This project aims to predict the future volatility of the NASDAQ index using various econometric and machine learning models, including ARCH, GARCH, EGARCH, SVM, and ANN. The project is implemented using Python and Jupyter notebooks.
Volatility prediction is a crucial aspect of finance and investment, and the NASDAQ index is one of the most widely followed stock market indices in the world. In this project, we use multiple models to predict the future volatility of the NASDAQ index and compare their performance.
The following packages are required to run the project:
NumPy Pandas Matplotlib Seaborn Scikit-learn TensorFlow Arch
The dataset used for this project is obtained from Yahoo Finance. It contains daily historical data for the NASDAQ index, including the date, opening price, closing price, and daily returns.
The project uses several econometric models, including ARCH, GARCH, and EGARCH, to model the volatility of the NASDAQ index. The models are trained using a 80-20 split of the data, with 80% used for training and 20% used for testing. The performance of each model is evaluated using the mean squared error and root mean squared error.
In addition, the project also combines the econometric models with machine learning models such as SVM and ANNs. The models are trained using the residuals obtained from the econometric models, and their performance is compared with the standalone econometric models.

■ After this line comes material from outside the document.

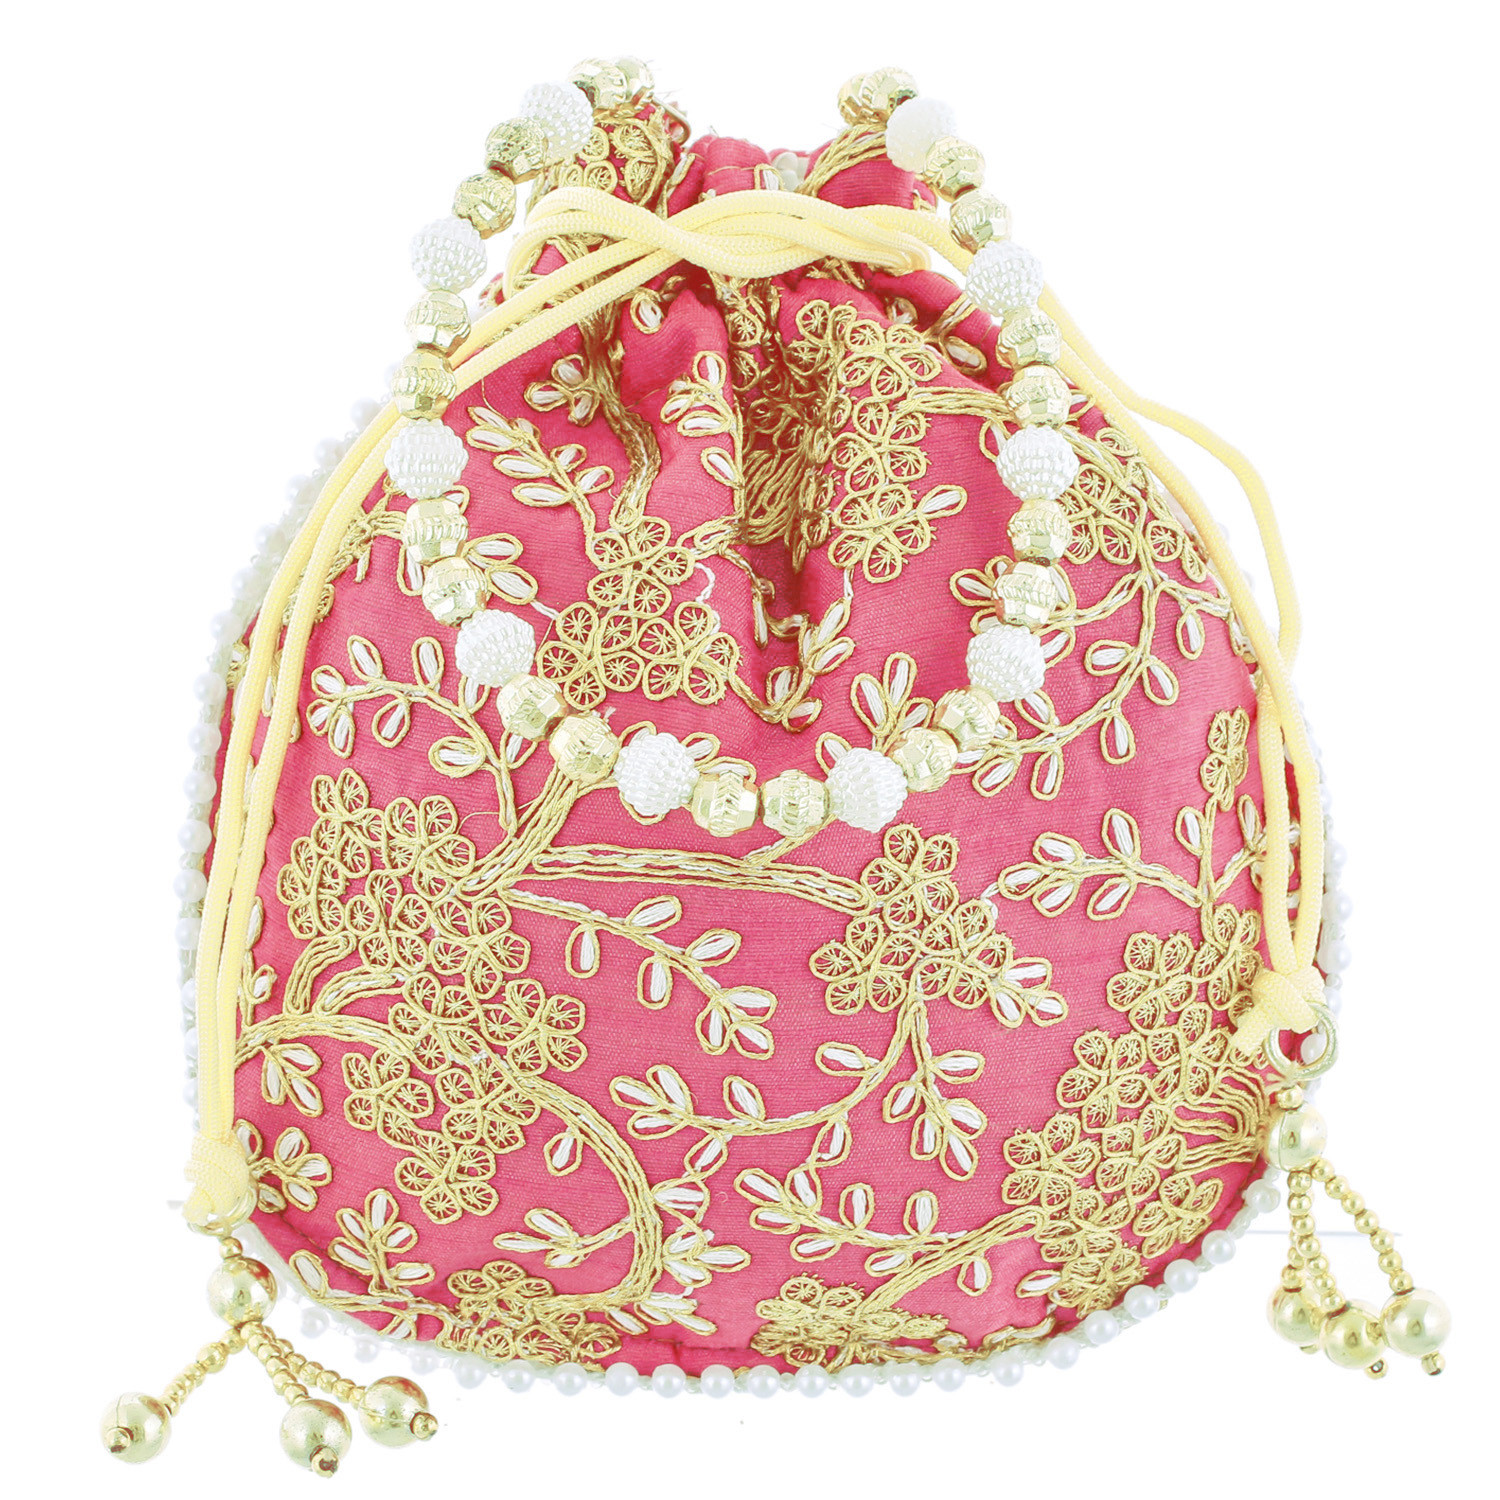 Kuber Industries Embroidery Drawstring Potli|Hand Purse With Gold Pearl Border & Handle For Woman,Girls Pack of 2 (Light Pink & Black)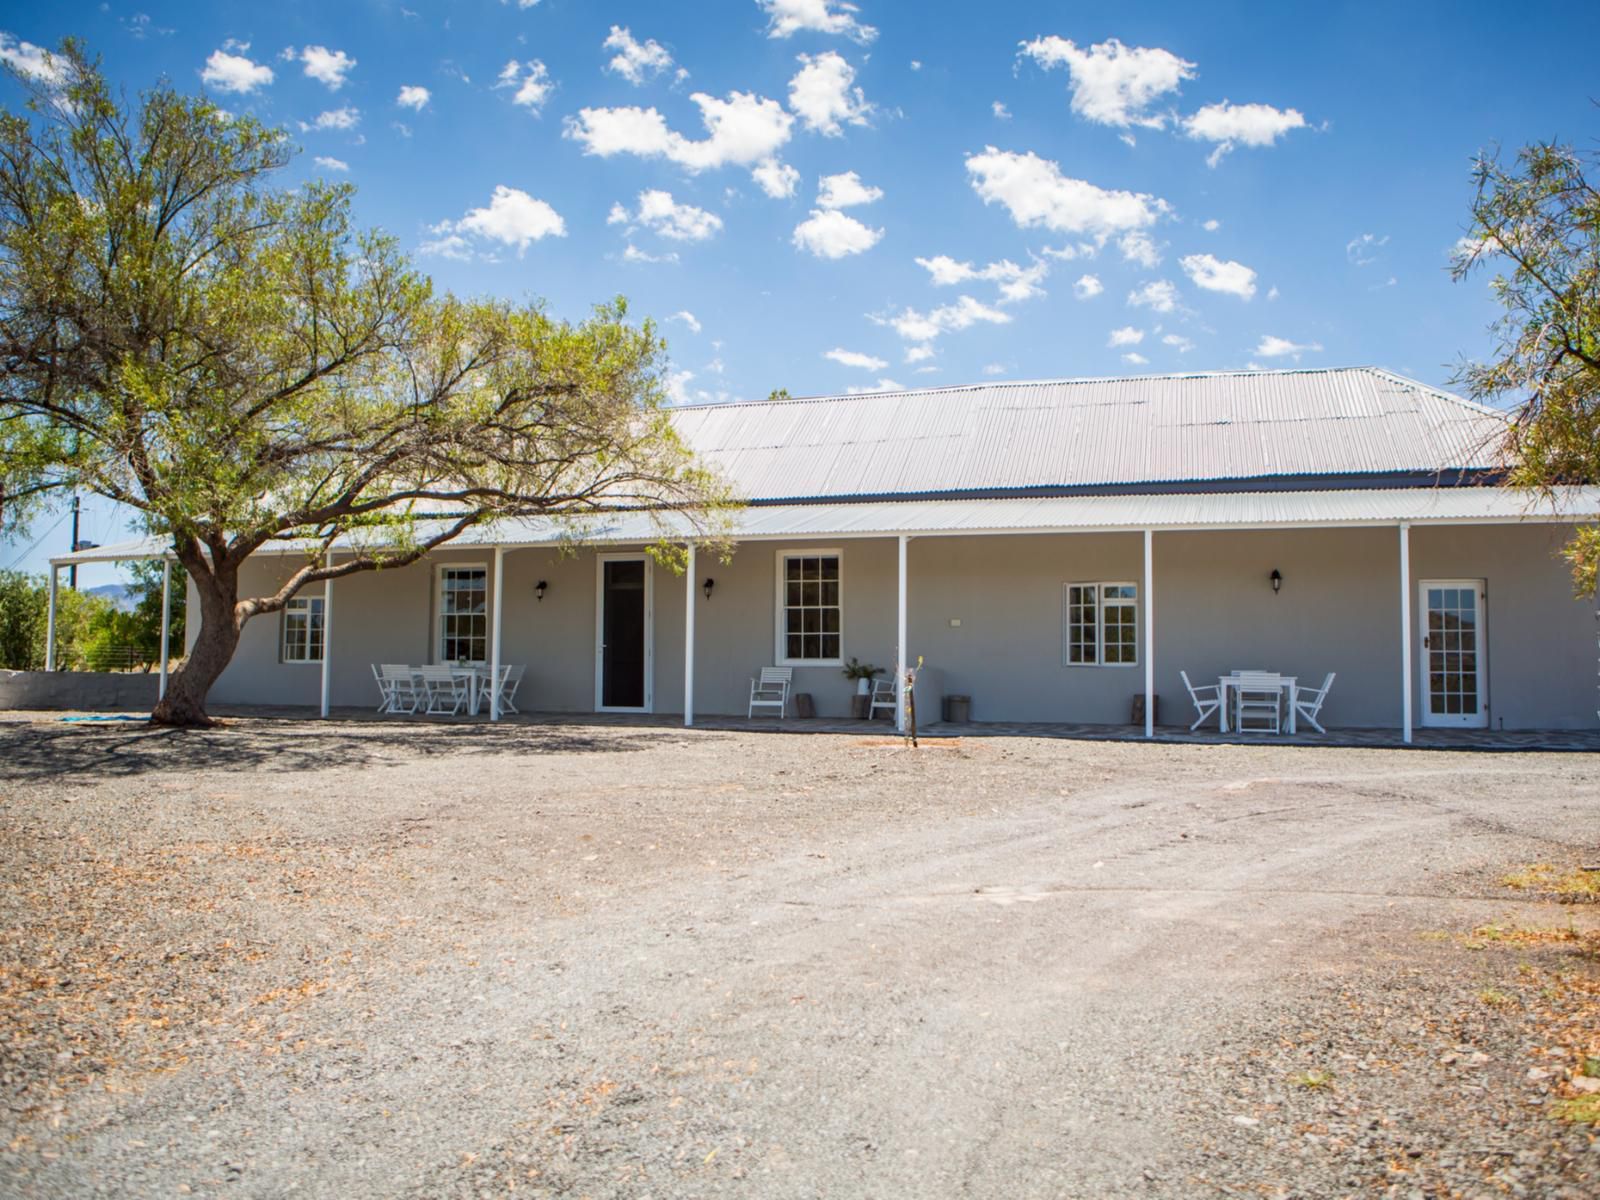 Grootfontein Farm House Karoo National Park Western Cape South Africa Barn, Building, Architecture, Agriculture, Wood, House

The results of the project show that the combination of econometric models and machine learning models outperforms the standalone models in terms of accuracy. The best-performing model was a combination of EGARCH and ANN, achieving high accuracy in predicting the future volatility of the NASDAQ index.
This project demonstrates the potential of combining econometric models and machine learning models in solving real-world problems. The code and notebooks can be used as a starting point for further research and development in the field of volatility prediction.